PROBLEM TO WORK ON
Each record below should be reproduced as it is written, with pictures left out entirely.

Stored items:

§

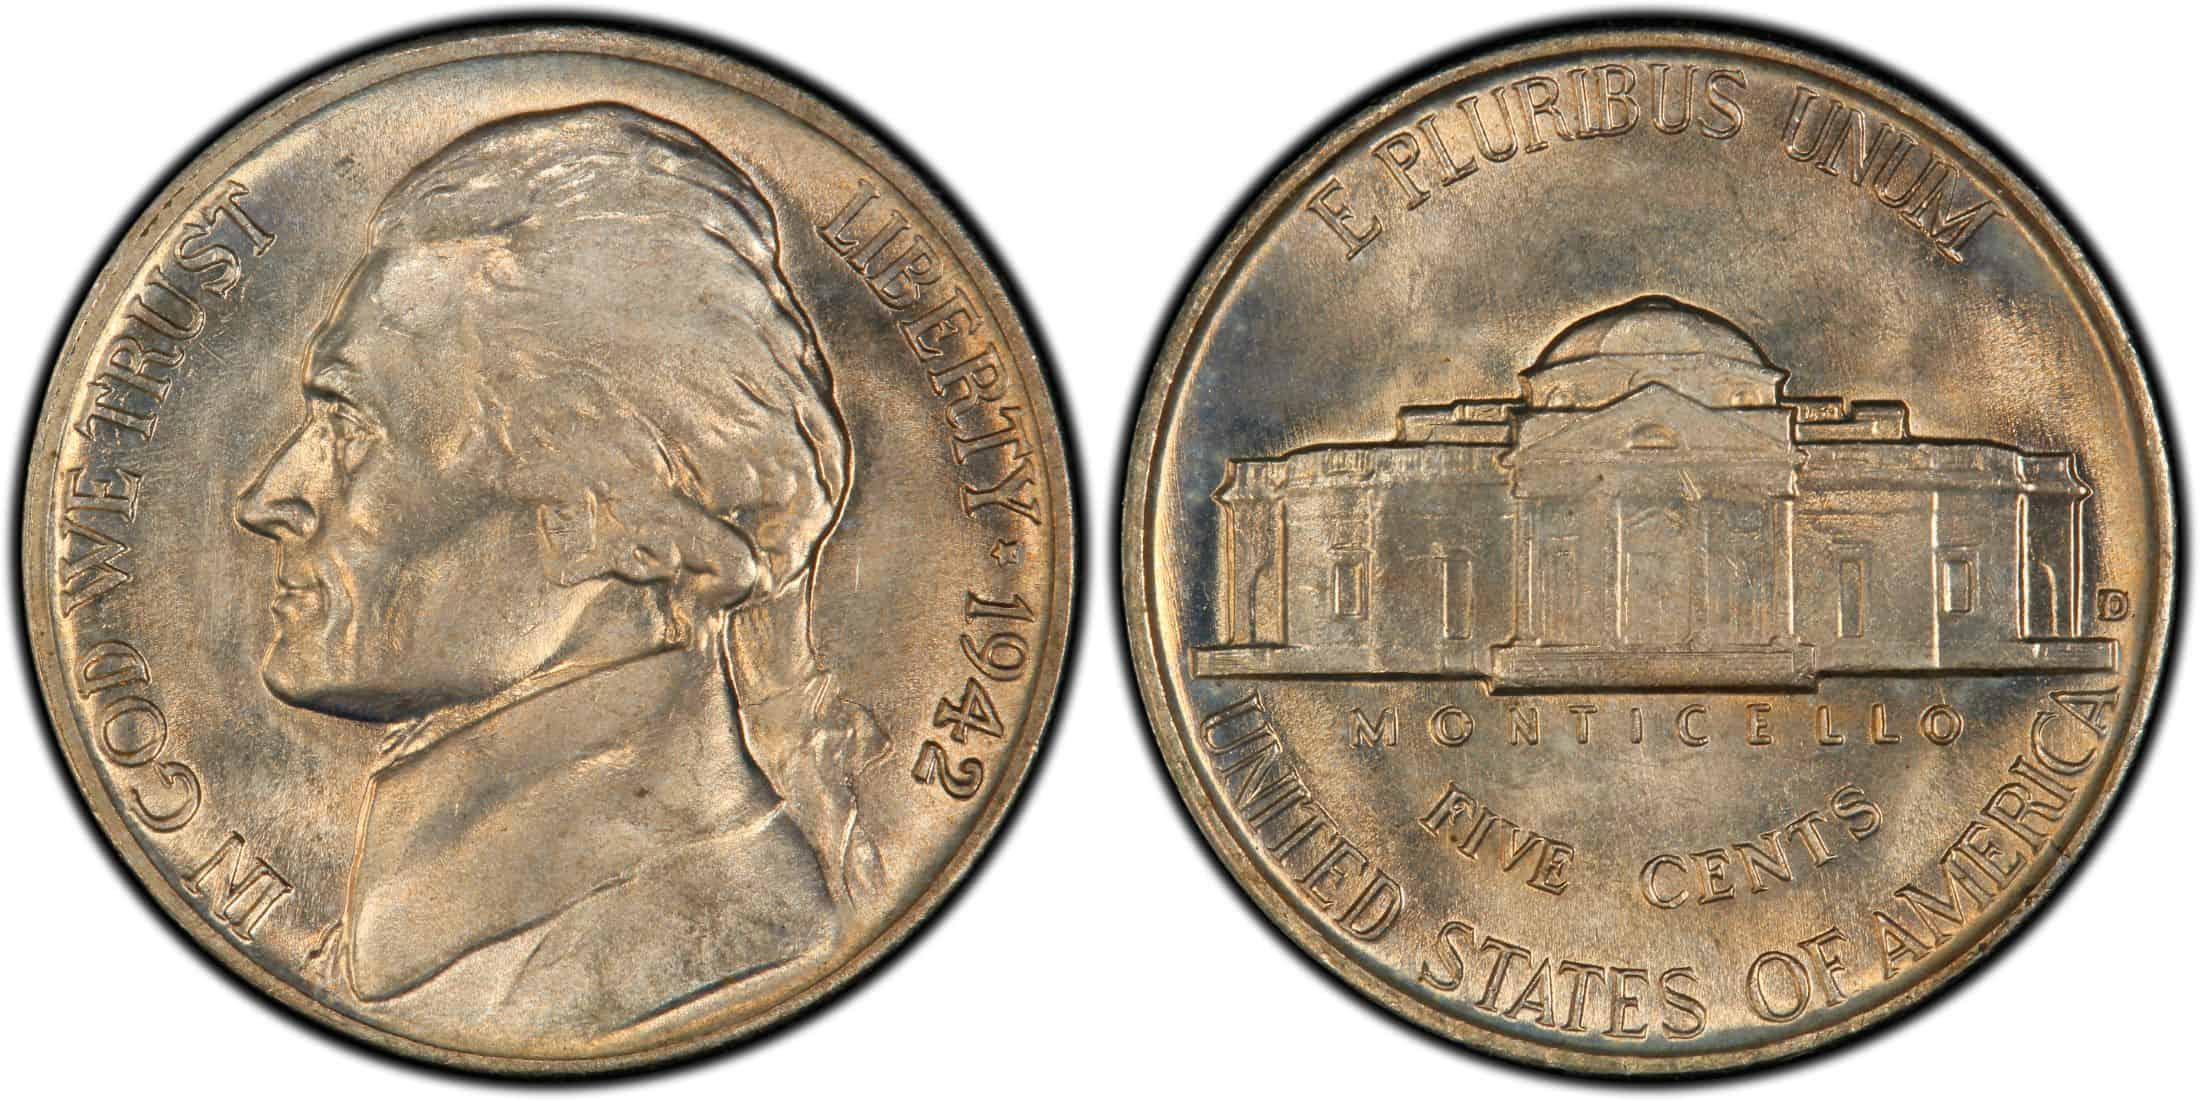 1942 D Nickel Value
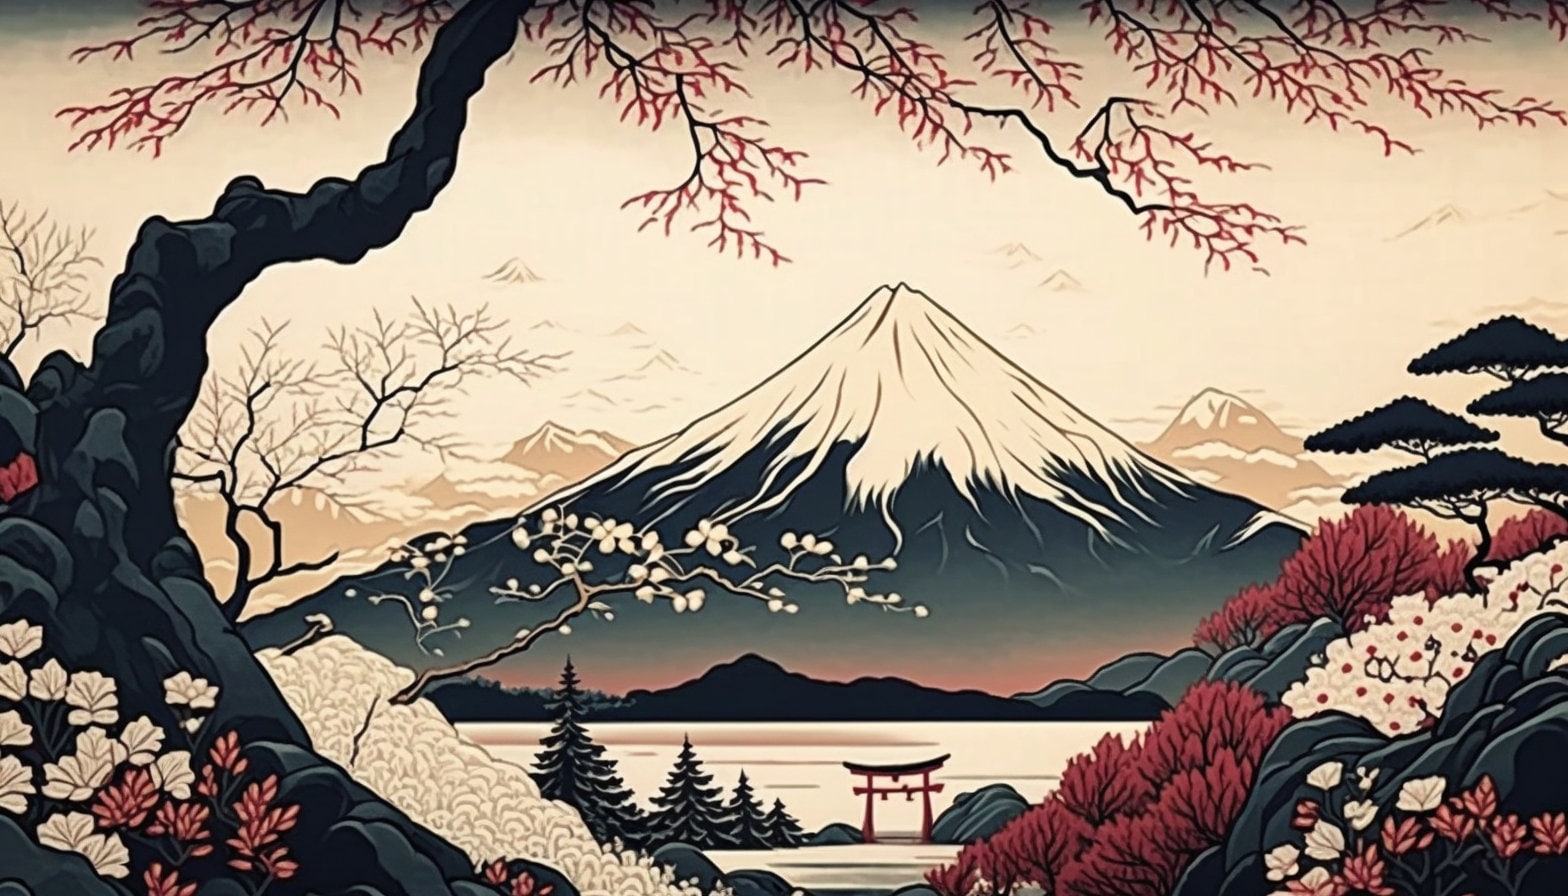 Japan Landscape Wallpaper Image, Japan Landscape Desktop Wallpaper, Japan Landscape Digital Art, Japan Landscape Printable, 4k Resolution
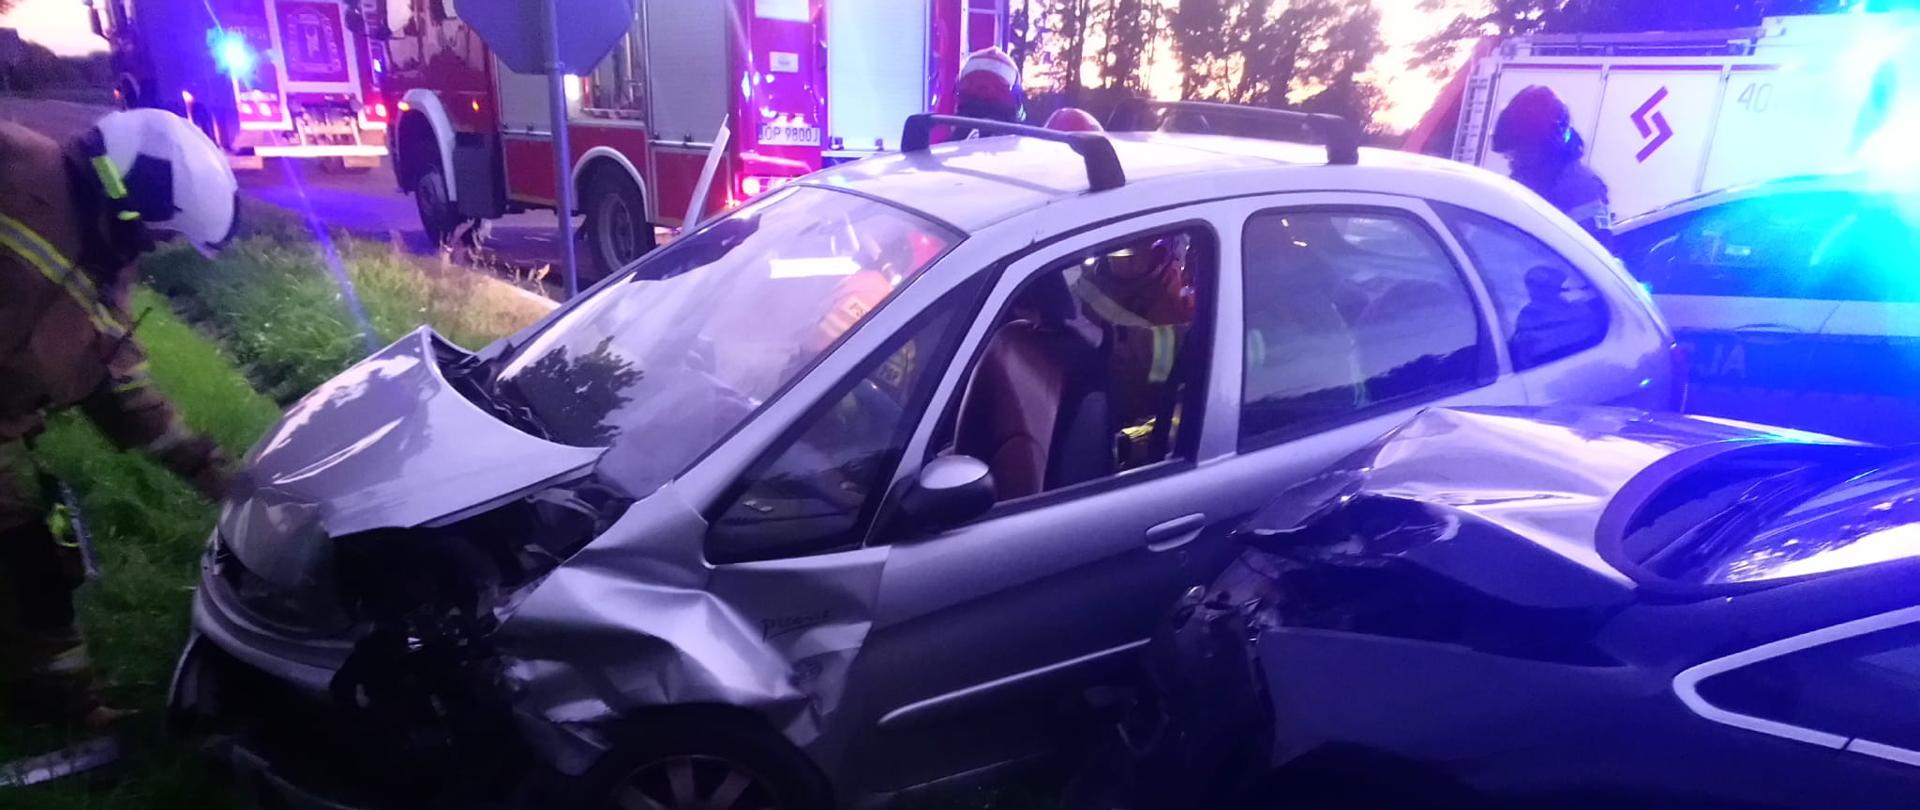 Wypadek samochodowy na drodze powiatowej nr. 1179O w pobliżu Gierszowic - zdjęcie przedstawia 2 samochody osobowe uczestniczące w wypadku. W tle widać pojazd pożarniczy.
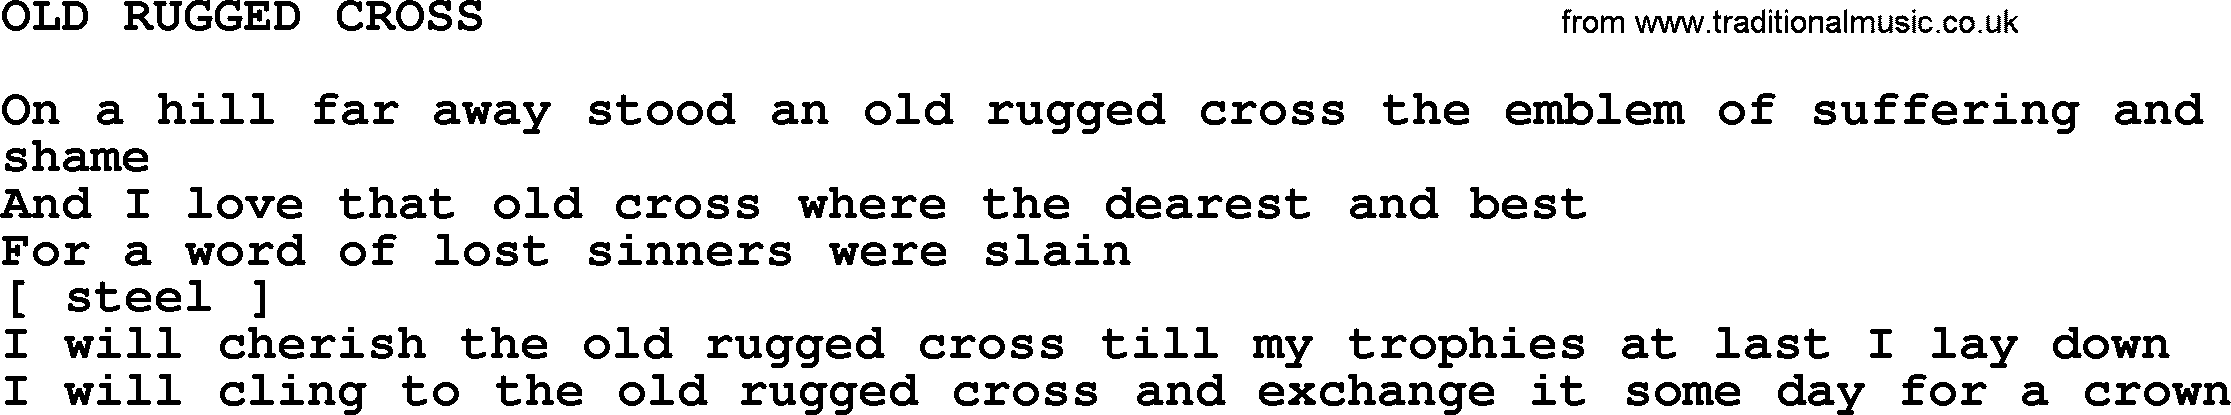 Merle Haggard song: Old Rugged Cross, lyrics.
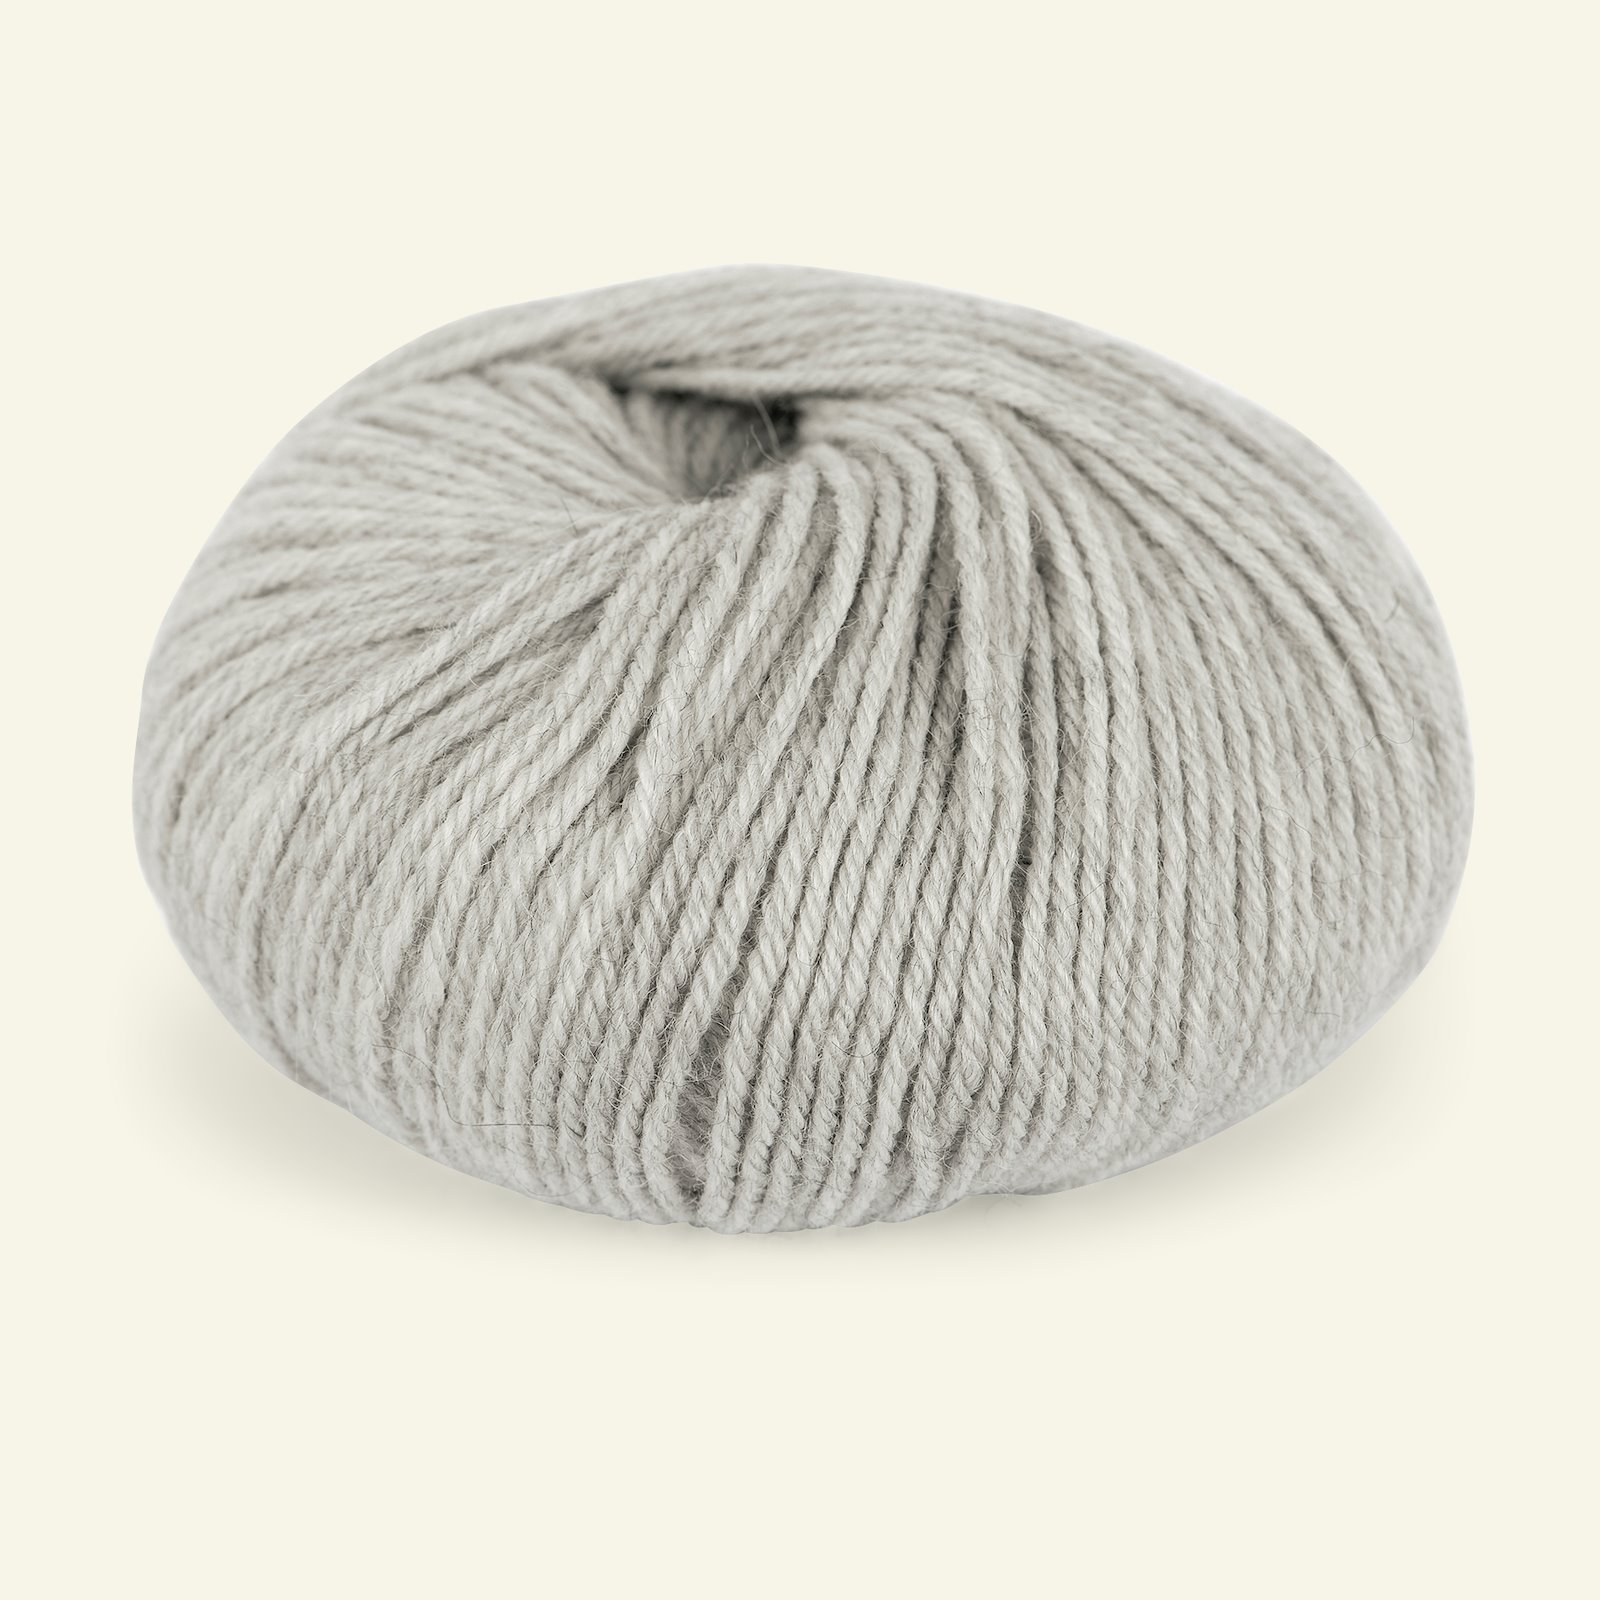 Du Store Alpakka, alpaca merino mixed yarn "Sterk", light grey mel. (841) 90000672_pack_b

§

ANSWER TO THE PROBLEM
 1942 D Nickel Value
 Japan Landscape Wallpaper Image, Japan Landscape Desktop Wallpaper, Japan Landscape Digital Art, Japan Landscape Printable, 4k Resolution
 Wypadek samochodowy na drodze powiatowej nr. 1179O w pobliżu Gierszowic - zdjęcie przedstawia 2 samochody osobowe uczestniczące w wypadku. W tle widać pojazd pożarniczy.
 Merle Haggard song: Old Rugged Cross, lyrics.
 Du Store Alpakka, alpaca merino mixed yarn "Sterk", light grey mel. (841) 90000672_pack_b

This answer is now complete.